This is a story from the FSF archive – the FSF and Supporters Direct merged to become the FSA in 2019 – so this page may contain hyperlinks that do not work and/or have missing files. Our archived pages are not maintained and will not be updated.

If you are seeking a document regarding training or the development of your supporters’ organisation, please visit the live training and resource section of our website. if you need further assistance email: [email protected]

While our International Ground Guide is undergoing some maintenance, we thought we’d provide our usual service of advice and information for travelling supporters in brief blog form.

Once up and running again our ground guide will cover all manner of information from travel options to hotel advice, eating and drinking suggestions to practical tips on getting around, along with safety and security advice and anything else we think will be of use to travelling supporters. 

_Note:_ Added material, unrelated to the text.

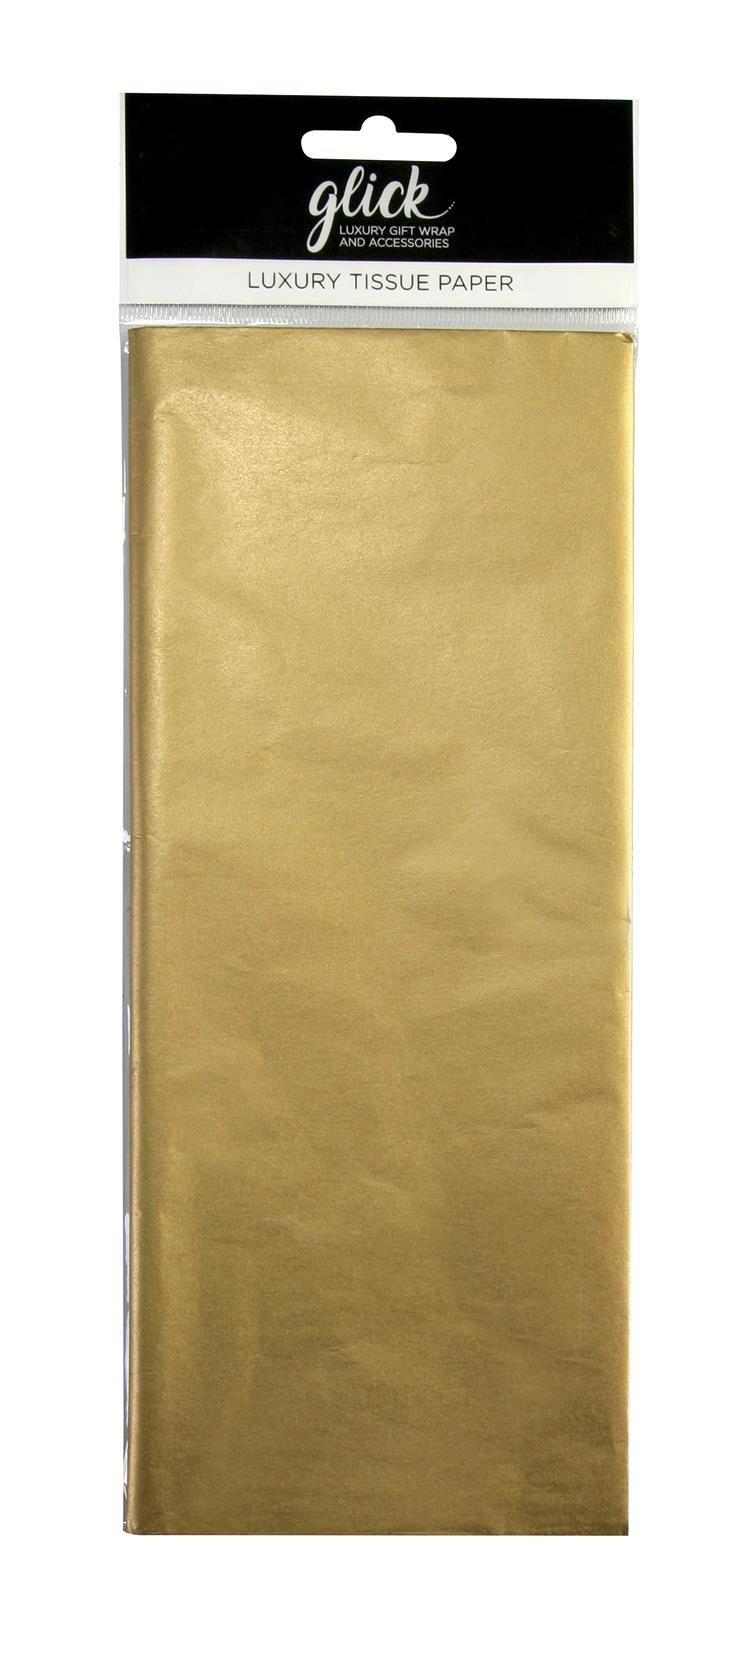 Metallic Gold Luxury Tissue Paper - Pack Of 4 - Luxury TISSUE Paper - GIFT

In the meantime, while the below might not necessarily have all the information you’ll be after if you’re heading out to Spain this week, we’re always available to help – just drop us an email if you have any questions.

We’ll do our best to find out what you need to know, either from our own vast experience in covering England and Wales games abroad, or from our friends at Football Supporters Europe.

The Ground

The Mestalla is conveniently located in the centre of Valencia, just to the east of the old centre, and north west of the port. Although from 2011 the club are scheduled to move into the Nou Mestalla, which is in the north-west of the city. 

The address of the Mestalla stadium is Avenida Suecia, s/n 46010, and it’s pretty easy to reach being in close proximity to the city centre. If you fancy a stroll, be our guest (it’s around a 20 minute walk from most central locations), but the two easiest ways to get to the ground are by public transport. Either get a number 10 bus from Plaza del Ayuntamiento or number 80 from the main coach station which both pass straight by the ground, or alternatively use the city’s subway system and get off at Aragon station.

If you’re lazy, there’s always a taxi, too, but matchday traffic (as you’d expect) can be a killer, so that’s likely to involve a bit of a walk at the end of your journey unless you get there early enough ahead of kick-off.

The Team

Arguably the biggest club in Spain behind Real Madrid and Barcelona (at least in terms of titles and trophies), Valencia have a mean domestic and European pedigree: a record of 6 La Ligas, 7 Copa del Reys alongside 7 major European final appearances (1 UEFA Cup, 1 Cup Winners Cup and 2 Fairs Cup titles) speaks volumes of the club’s pedigree.

Founded in 1919, and having found their home at the Mestalla in 1923, Valencia’s main period of dominance came at the turn of the century, as they racked up domestic titles in 2002 and 2004, alongside back-to-back appearances in Champions League finals in 2000 and 2001 (losing to Real Madrid and Bayern Munich respectively).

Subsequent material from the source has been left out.